You need a modern version of Docker (at least 18.09) to build this image.
# clone the inference server repository
git clone https://github.com/Xilinx/inference-server.git
# place the downloaded ZenDNN zip in the repository
mv TF_v2.9_ZenDNN_v3.3_C++_API.zip ./inference-server/
# build the image
cd inference-server
./amdinfer dockerize --production --tfzendnn=./TF_v2.9_ZenDNN_v3.3_C++_API.zip
This builds an image on your host: <username>/amdinfer:latest
.
To use with KServe, you need to upload this image to a Docker registry server such as on a local server.
You will also need to update the YAML files in this example to use this image.
More documentation for building a ZenDNN image for KServe is available: ZenDNN + AMD Inference Server and KServe + AMD Inference Server.
Set up the model¶
In this example, you will use an MNIST Tensorflow model. The AMD Inference Server also supports PyTorch, ONNX and Vitis AI models models with the appropriate Docker images.
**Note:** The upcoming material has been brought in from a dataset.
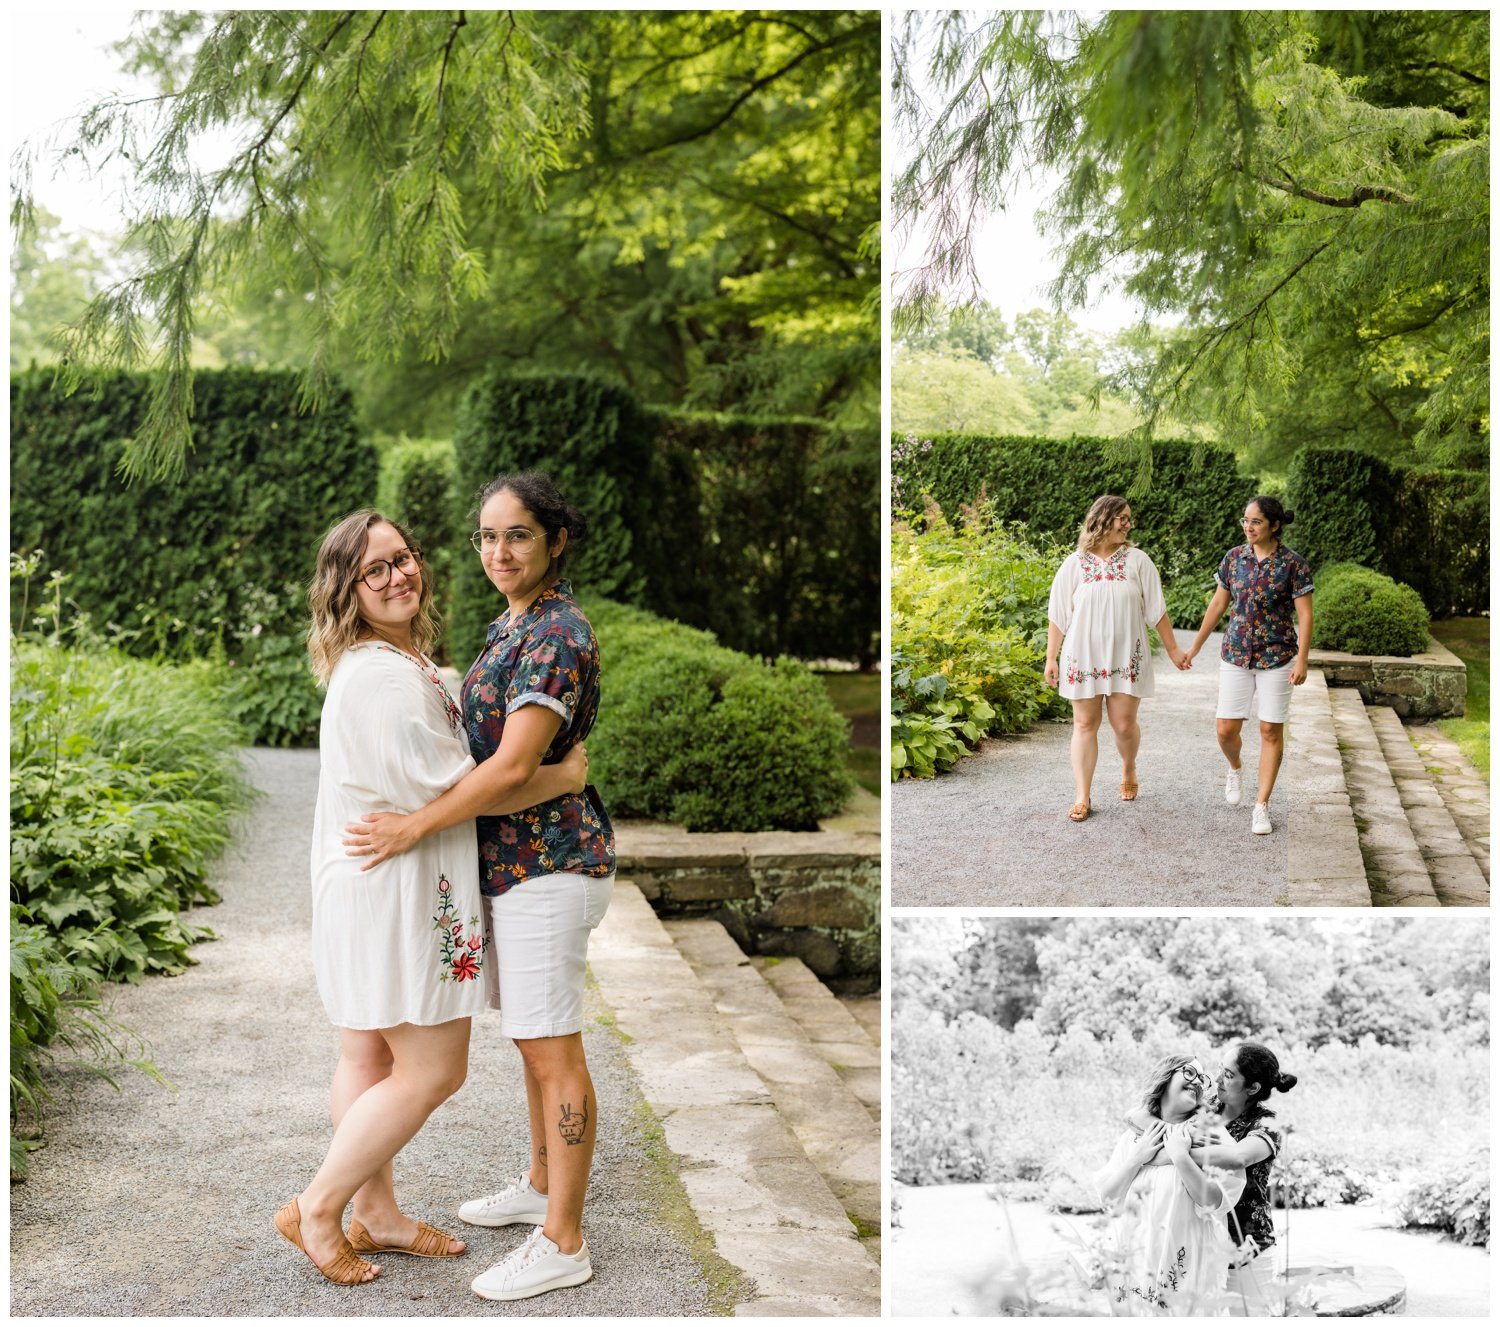 Lesbian-engagement-session-at-Longwood-Gardens-near-Philadelphia-PA-2.jpg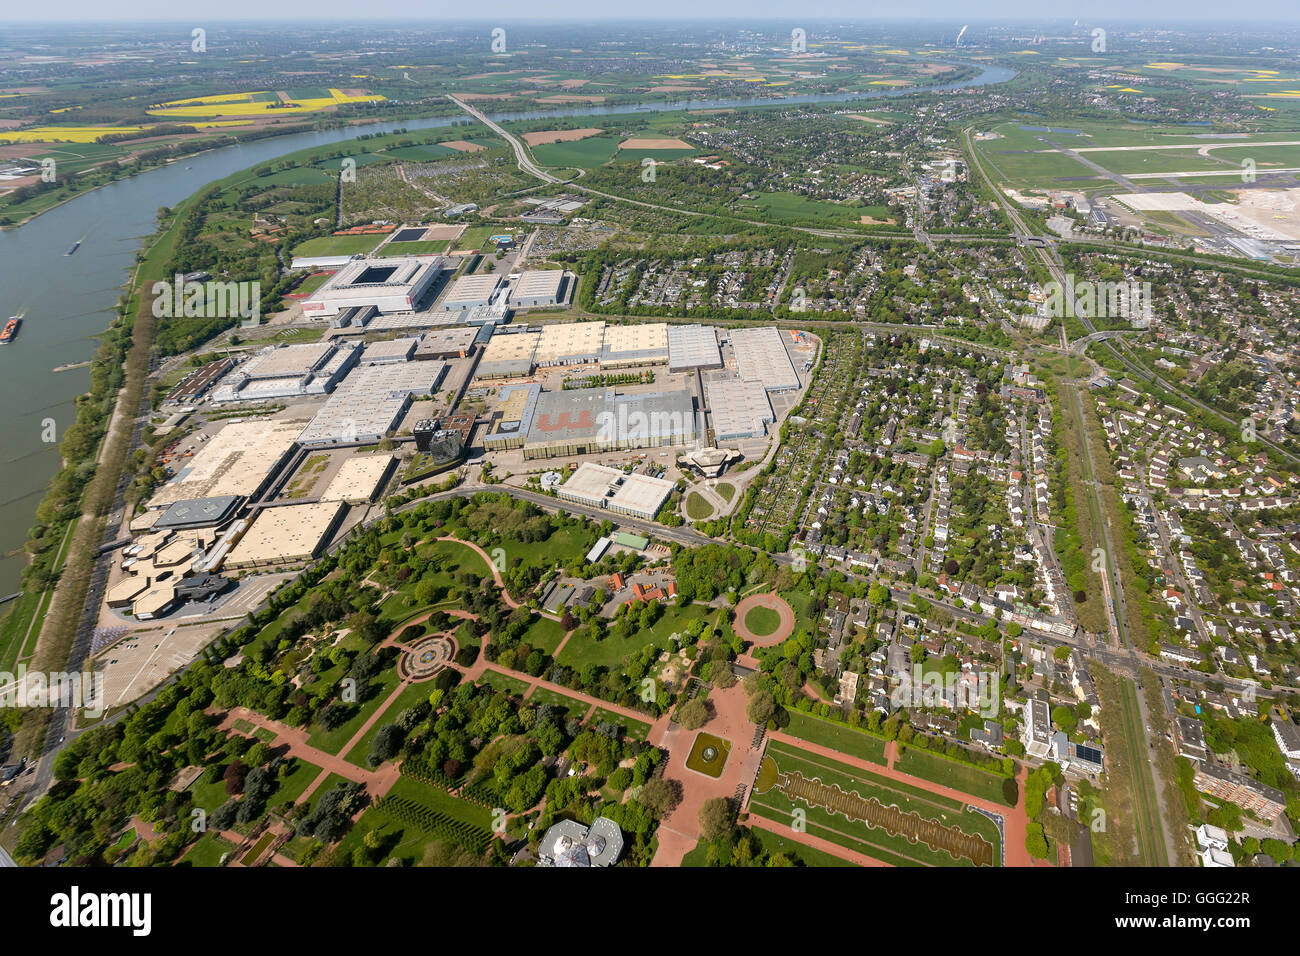 Vista aerea, la LTU Arena, Esprit Arena, Messe Dusseldorf, Stockum, foto aerea, aree di Dusseldorf foto aerea, Foto Stock

To prepare new models, look at the KServe + AMD Inference Server documentation for more information about the expected model format.
Make an inference¶
The AMD Inference Server can be used in single model serving mode in KServe.
The code snippets below use the environment variables INGRESS_HOST
and INGRESS_PORT
to make requests to the cluster.
Find the ingress host and port for making requests to your cluster and set these values appropriately.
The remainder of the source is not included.